Caring for your cat - keeping indoor cats happy
How to Keep a Cat Indoors
Keeping a cat indoors can have a tremendously positive effect on the cat's lifelong health and happiness. Indoor cats are far less exposed to the risks posed by outdoor activity, including diseases, fleas and ticks, exposure to harmful substances, fights with other animals, and more. However, keeping a cat indoors has its own challenges, including maintaining exercise and preventing boredom. Learning how to keep a cat indoors will allow your pet to live a long, safe, happy life.
Preventing Your Cat From Going Out
Close all doors and windows.Look around before opening any door to ensure your cat is not nearby, or at the very least, is preoccupied in playing with a toy. If you need to open a window, ensure it has a screen secured over it.
Limit access to exits.If possible, secure the space in which the door leading outside is situated.
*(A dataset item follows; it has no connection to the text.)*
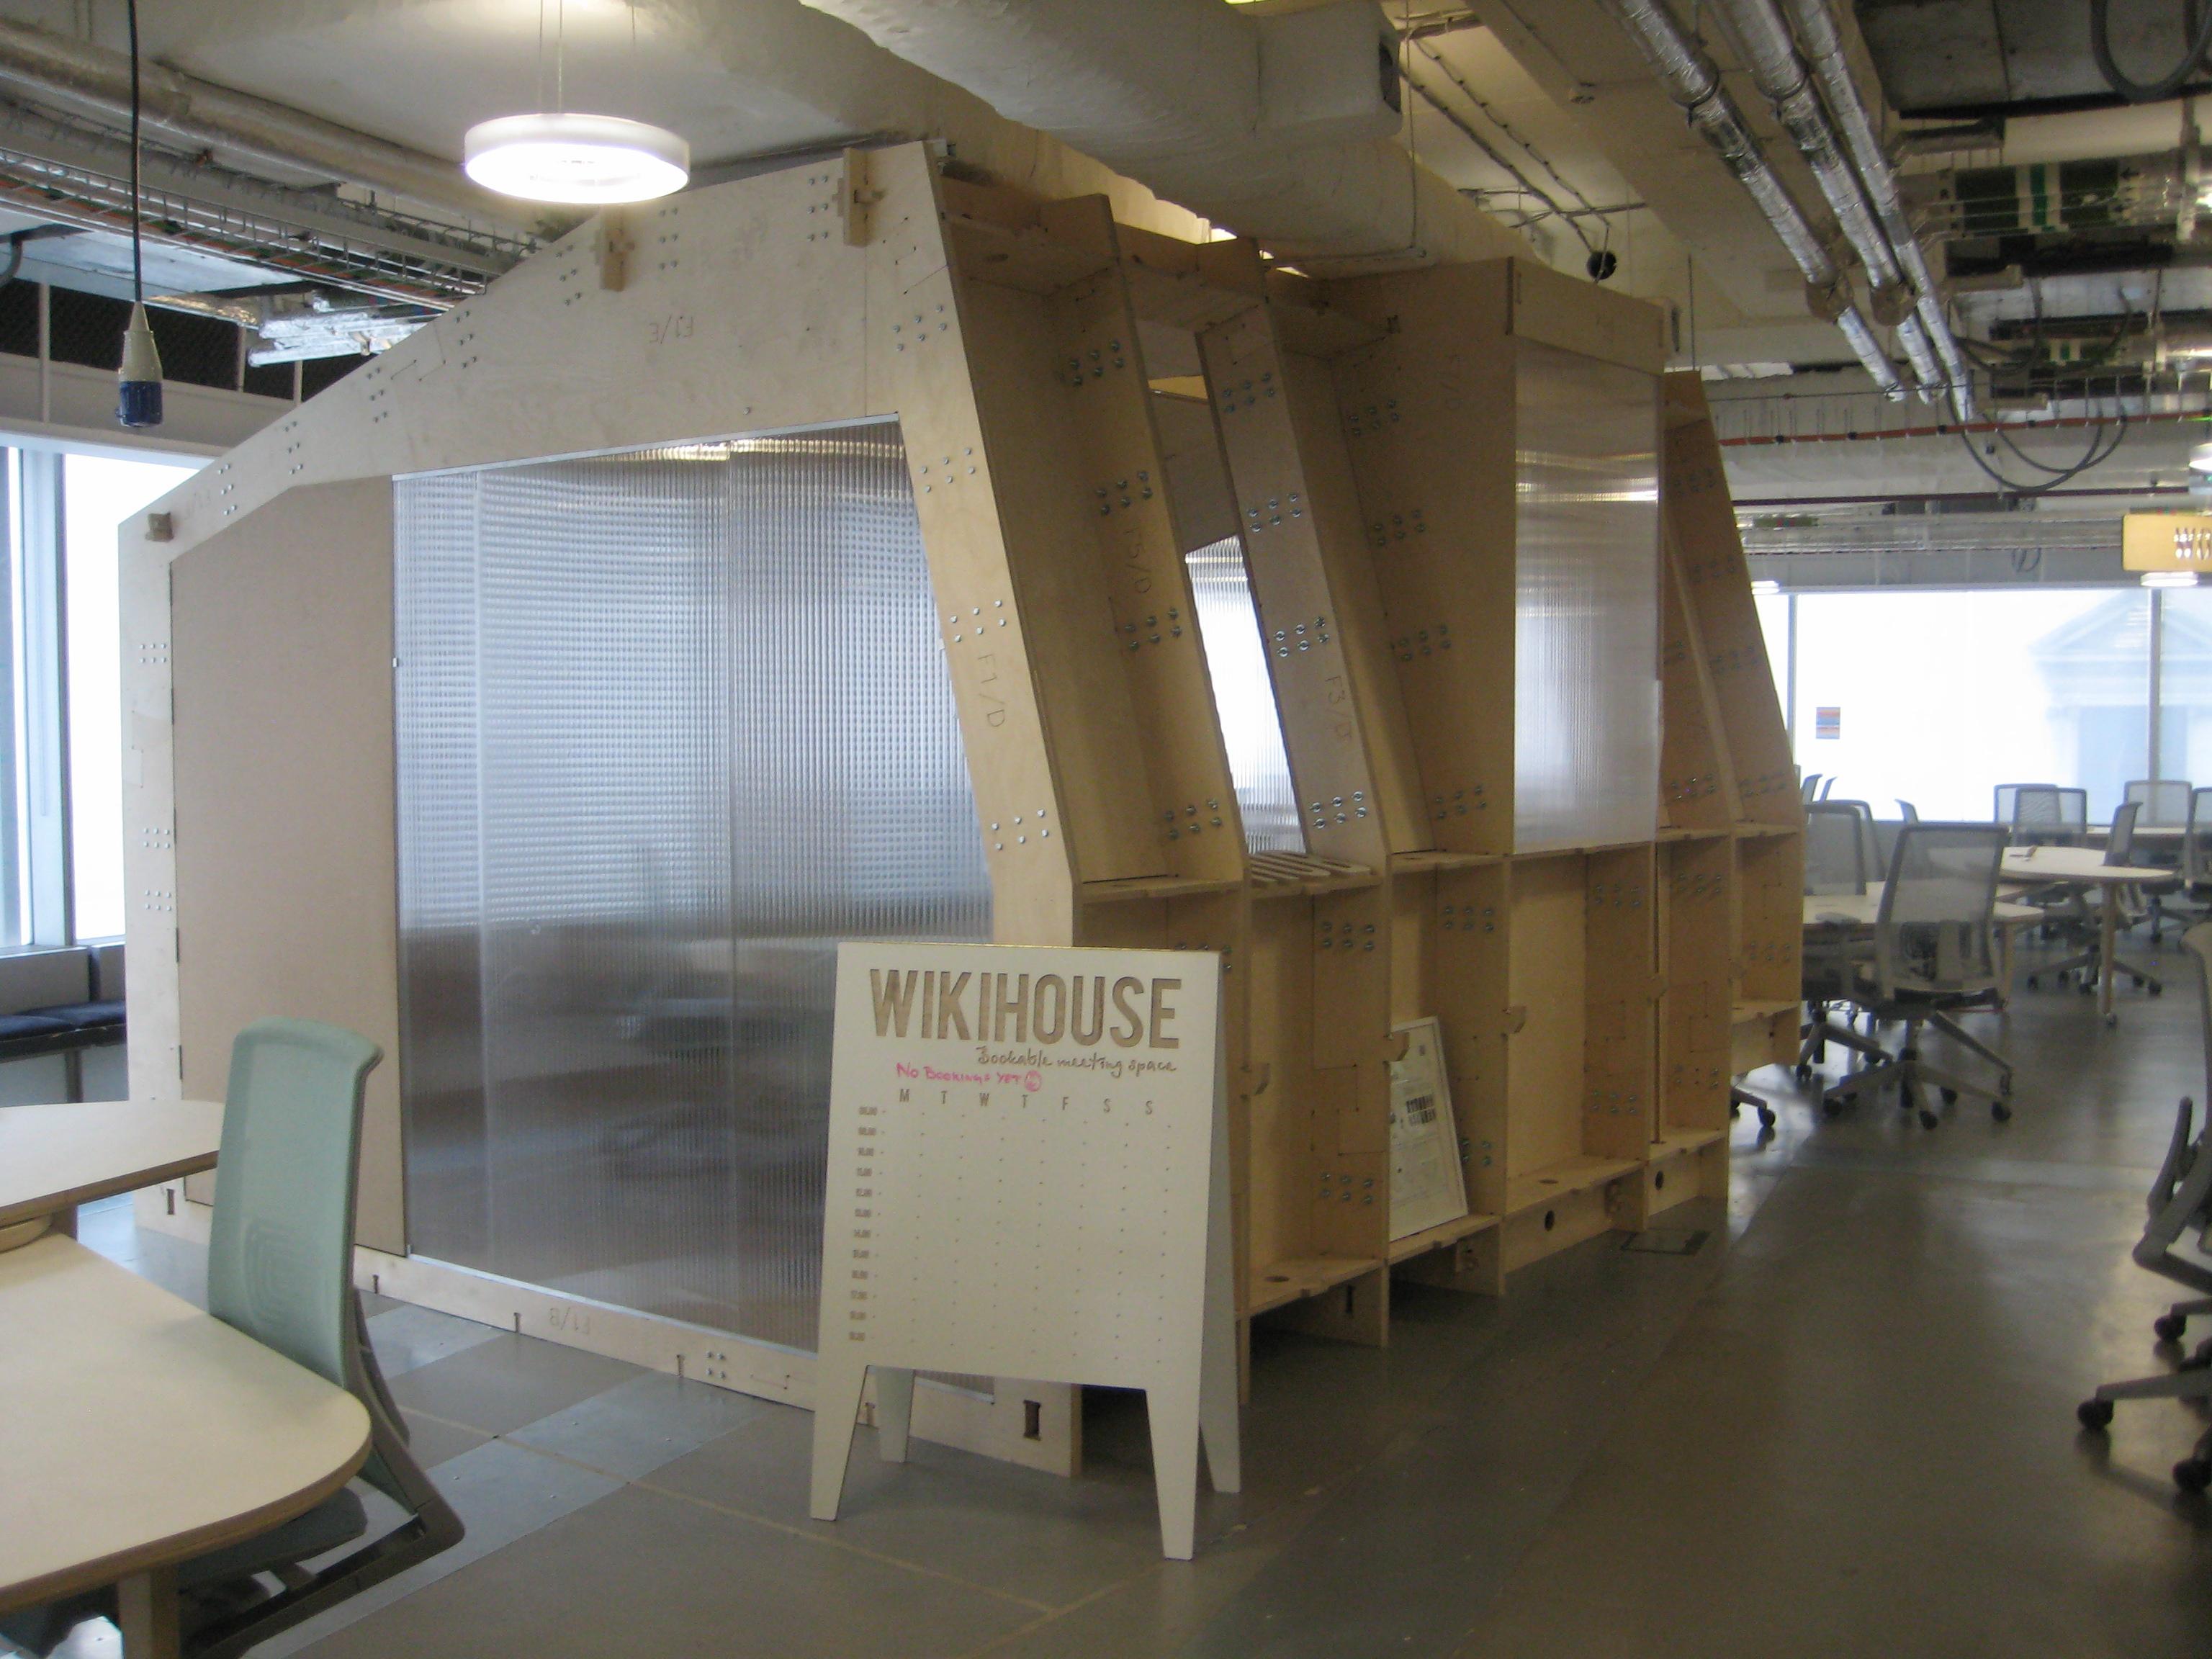 WikiHouse - Wikipedia

For instance, if your foyer has an inner door (leading into the home) and an outer door (leading outside), close the inner door and ensure your cat is not in the foyer with you before opening the outer door to leave. When opening windows that do not have window screens, first check the room to ensure the cat is not there, then close the door to the room in which you’re opening the window.
- If you don’t have a foyer, put the cat in a different room before leaving.
- If your windows can open from the bottom as well as the top, only open them from the top. This ensures that our cat cannot reach the open part of the window.
Install an electronic pet door.If you have a pet door in your house that you’re worried your cat might escape through, swap it out for an electronic pet door instead. This will allow you to lock the pet door during certain times and open it during other times. Some electronic pet doors allow you to equip one pet with an electronic signal key that will open the door for it, but not for the cat you want to keep indoors.
- Talk to a specialist at your local pet store for more information about your options.
- Watch your cat to make sure they do not wait for the pet with access to go through, then follow them out.
Use a pet proofing spray.Pet proofing sprays are motion-activated devices that emit an irritating but harmless liquid spray on your pet when it approaches an area you don’t want it near. To keep a cat indoors, place a pet proofing spray near windows and doors that you anticipate your cat might escape through.
- The exact method for using a pet proofing spray will vary according to the device you choose to utilize. Consult manufacturer directions before use.
- Generally, setting up a pet proofing spray unit is as easy as popping in a few batteries and turning the device on.
Train your cat to stay indoors with a pet proofing barrier.A pet proofing barrier is similar to a pet proofing spray, except that instead of getting sprayed by harmless liquid, your cat will hear a loud and startling beep. Place the pet proofing barrier near doors and windows that you fear your cat will escape from. Strap the sensor collar on your cat so that the sensor can detect when your cat is near. Eventually, your cat will learn to avoid the areas where it hears the beep.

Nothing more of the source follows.